Officers from the unit also recently stopped a rape in progress on Southampton Street and Melnea Cass Boulevard.

“My officers were in the area and heard the woman screaming’’ for help, said Sergeant Christopher Morgan, adding officers saw the man on top of the victim, slamming her head into the ground. “An arrest was made because the bike unit was there.”

The first citywide bike unit was established in 2005 and dismantled four years later. Police spokesman Lieutenant Detective Michael McCarthy said the unit was decentralized. Officers on bikes were assigned to work in certain communities within a police district forming what was known as the Safe Streets Team.

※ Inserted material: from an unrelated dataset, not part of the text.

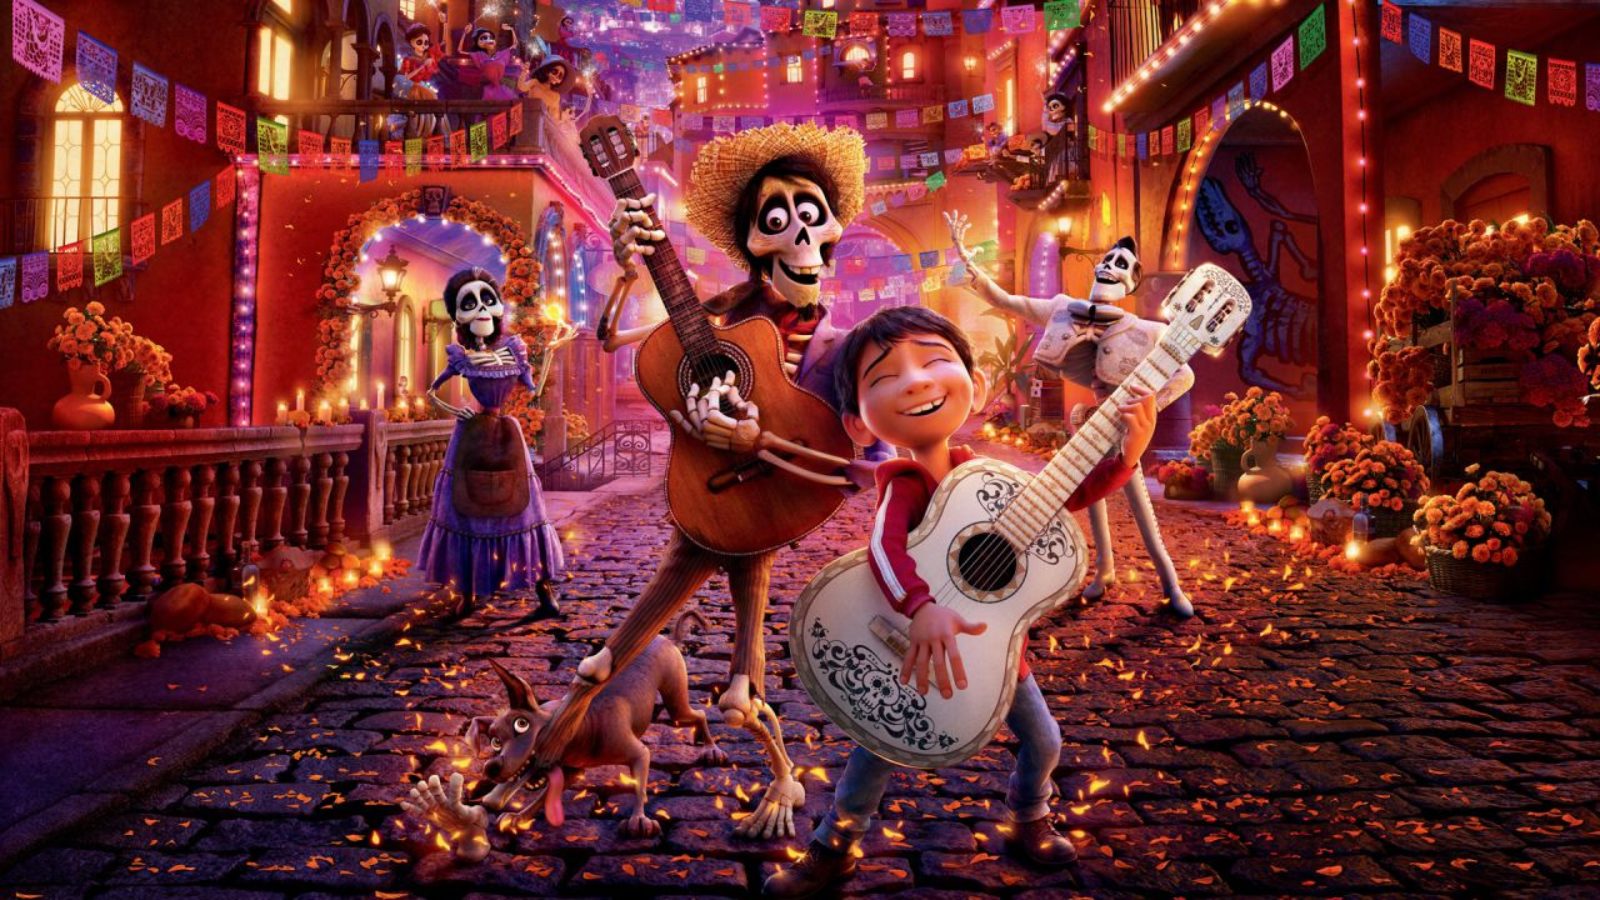 Coco Soundtrack - Every Song in the Pixar-Disney Movie

But Evans said he wanted to be able to send officers on bikes to the city’s hot spots with the idea that it would be a more effective way to combat crime. He created the current, highly coveted 32-member unit in April 2014.

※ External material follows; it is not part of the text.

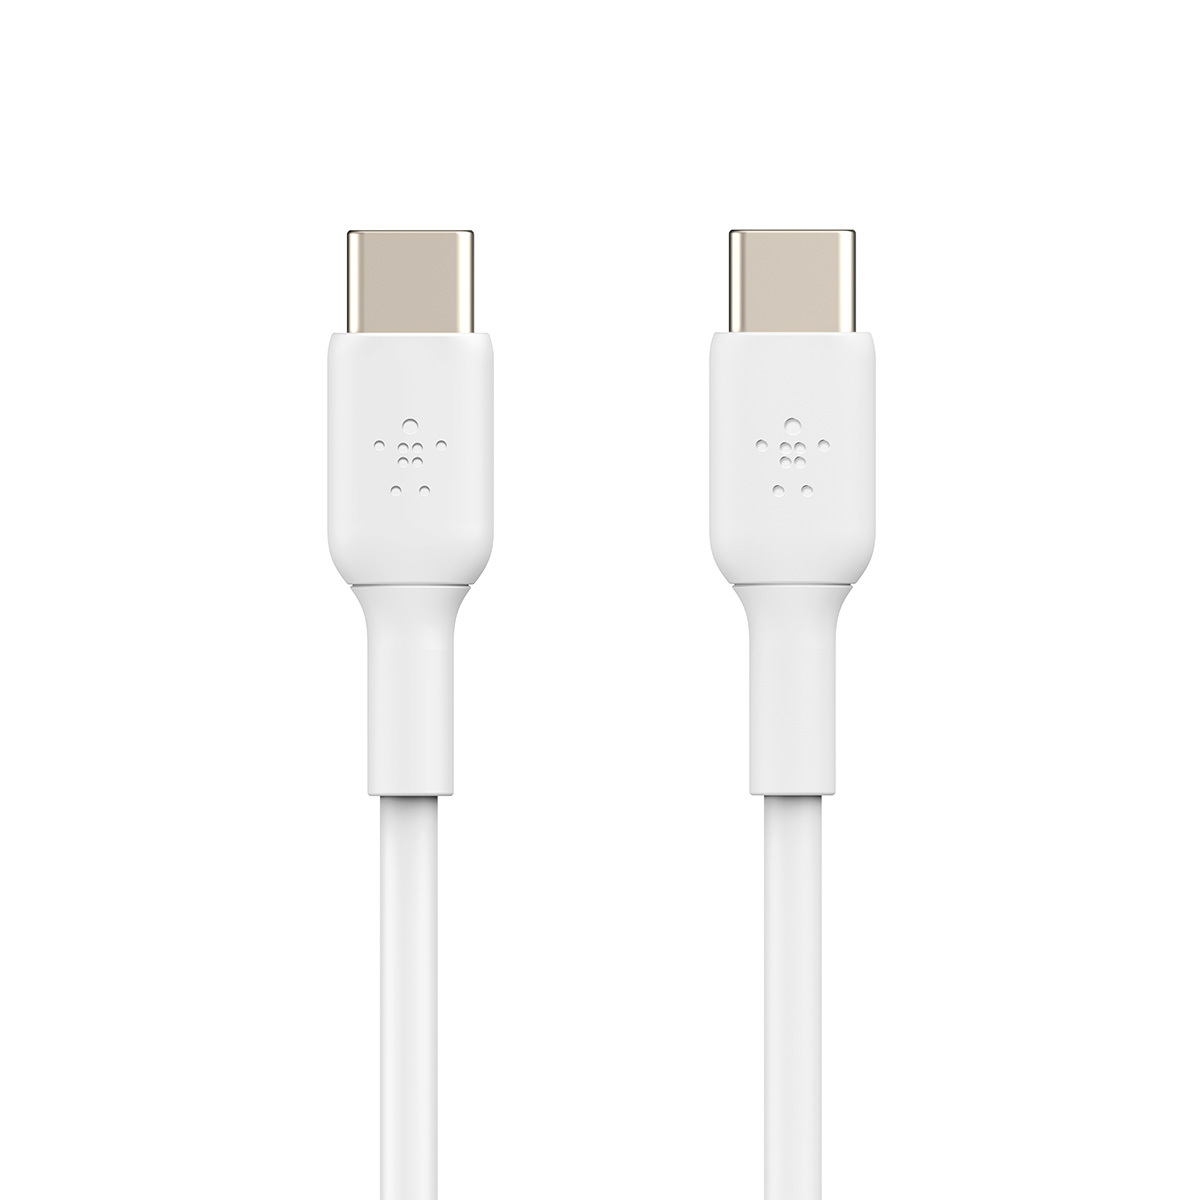 Cable USB Tipo-C a USB Tipo-C Belkin Boost Charge 1 metro Blanco

It was expanded in June and now consists of 38 officers and six supervisors. They range in age from mid-20s to 62 years old — with some having had only a few years on the force and others a few decades.

The officers, who ride an average of 20 miles daily on their Safariland/Kona 29-inch patrol bikes, are all in great shape.

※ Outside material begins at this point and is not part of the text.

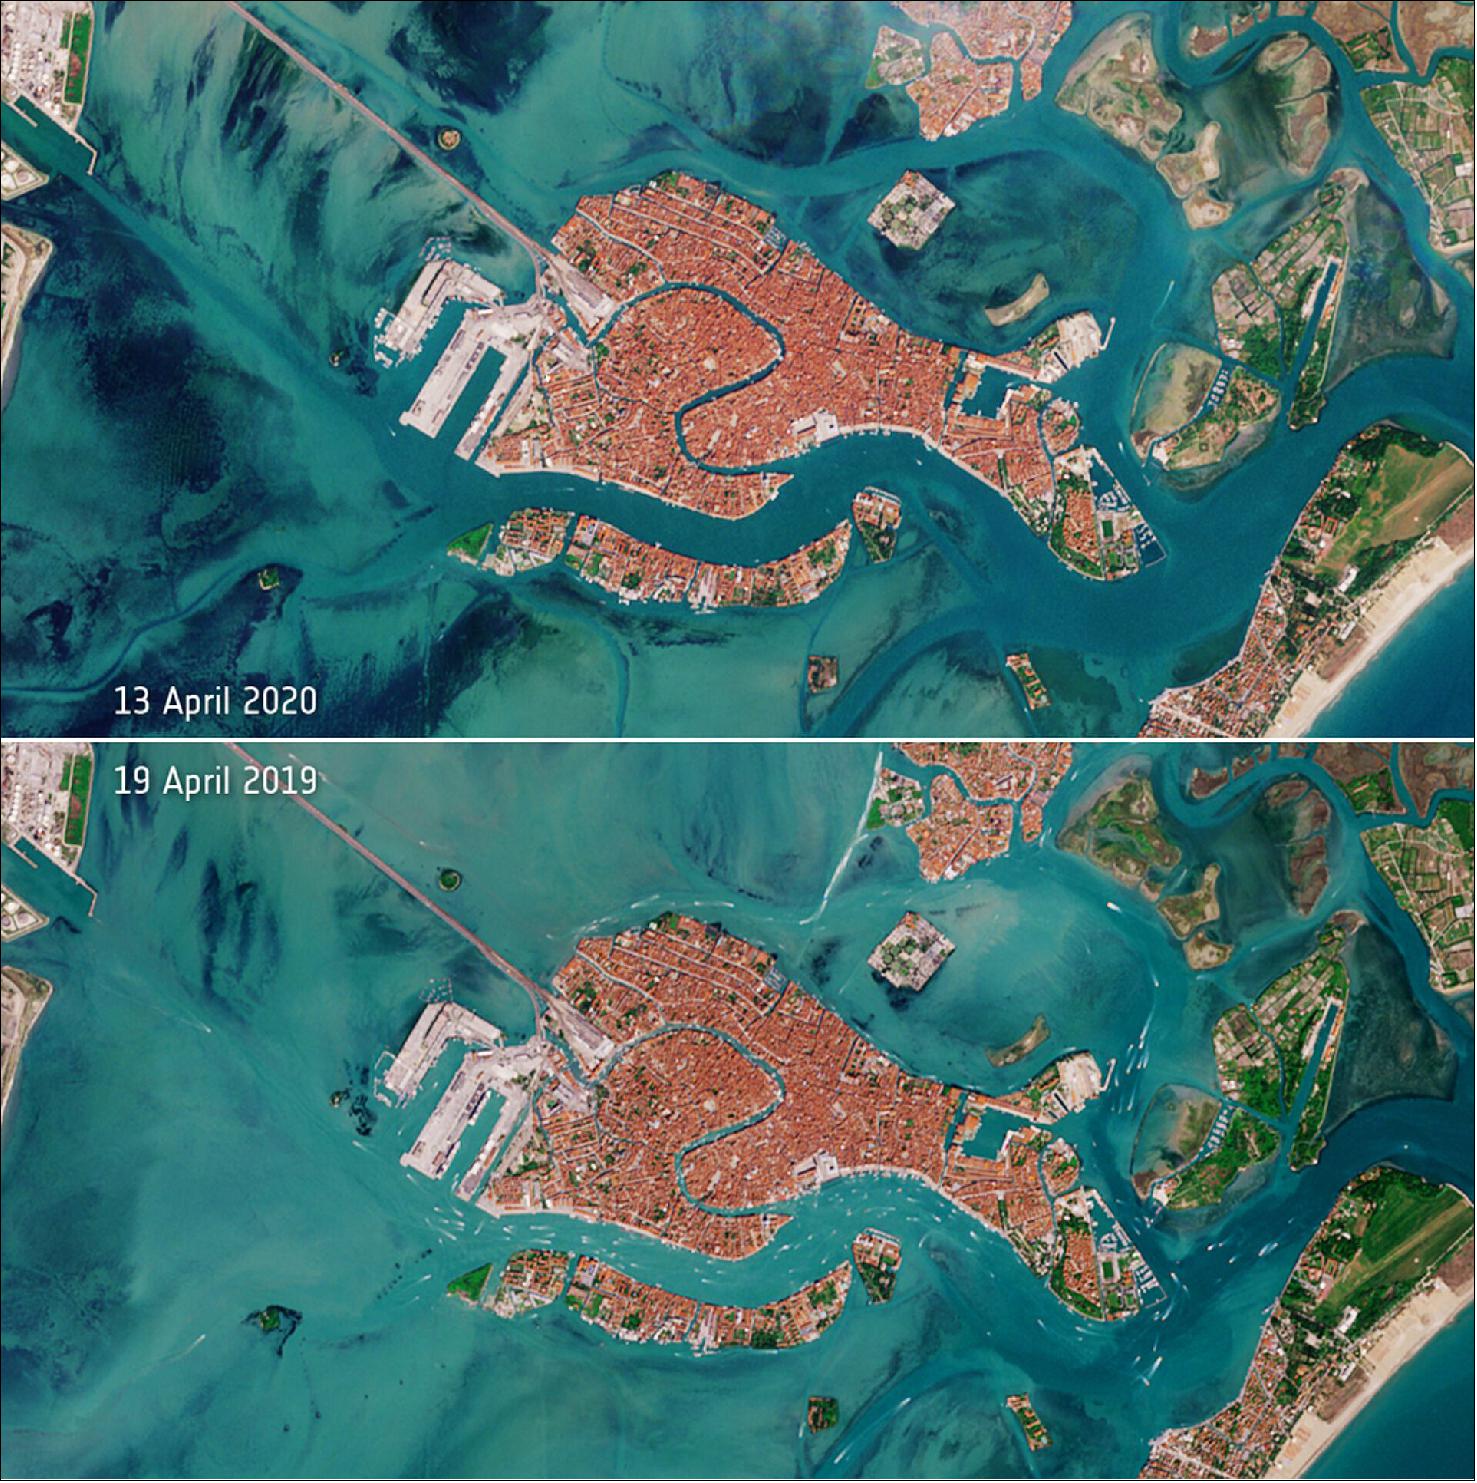 Figure 47: These images show one of the effects of the locked-down city of Venice, in northern Italy. The top image, captured 13 April 2020, shows a distinct lack of boat traffic compared to the image from 19 April 2019 (image credit: ESA, the images contain modified Copernicus Sentinel data (2019-20), processed by ESA, CC BY-SA 3.0 IGO)

“I like riding a bike,” said Officer William “Billy” Dunne, 59, who has had both hips replaced and is praised by his colleagues for his sharp memory. “I’m exercising and I get paid for that.”

Fitness aside, the bicycle unit allows officers to connect with residents on a more intimate level.

“It’s almost like having a community meeting on the sidewalk,” said Sergeant Thomas Rose Jr. “If you’re in a cruiser, you can’t do that.”

One recent night when officers rode through Dorchester, a woman shouted from her window to the officers, “I love you,” others waved and smiled.

“We’re much more approachable on a bicycle,” said Murphy, a 30-year veteran of the force. “People come up to us and say hello and tell you, ‘Oh there’s a guy over there doing that. . . .’ They wave to us, they beep their horns — it’s different.”

And residents say they see a difference in their neighborhoods.

“You like to see their presence,” said Maria Rosario, 63, who has lived on Wendover Street for 35 years. “It’s much better now, before [the block] used to be very bad.”

After a while, residents begin to share information with the officers about crime, gangs, drugs, and other quality of life issues.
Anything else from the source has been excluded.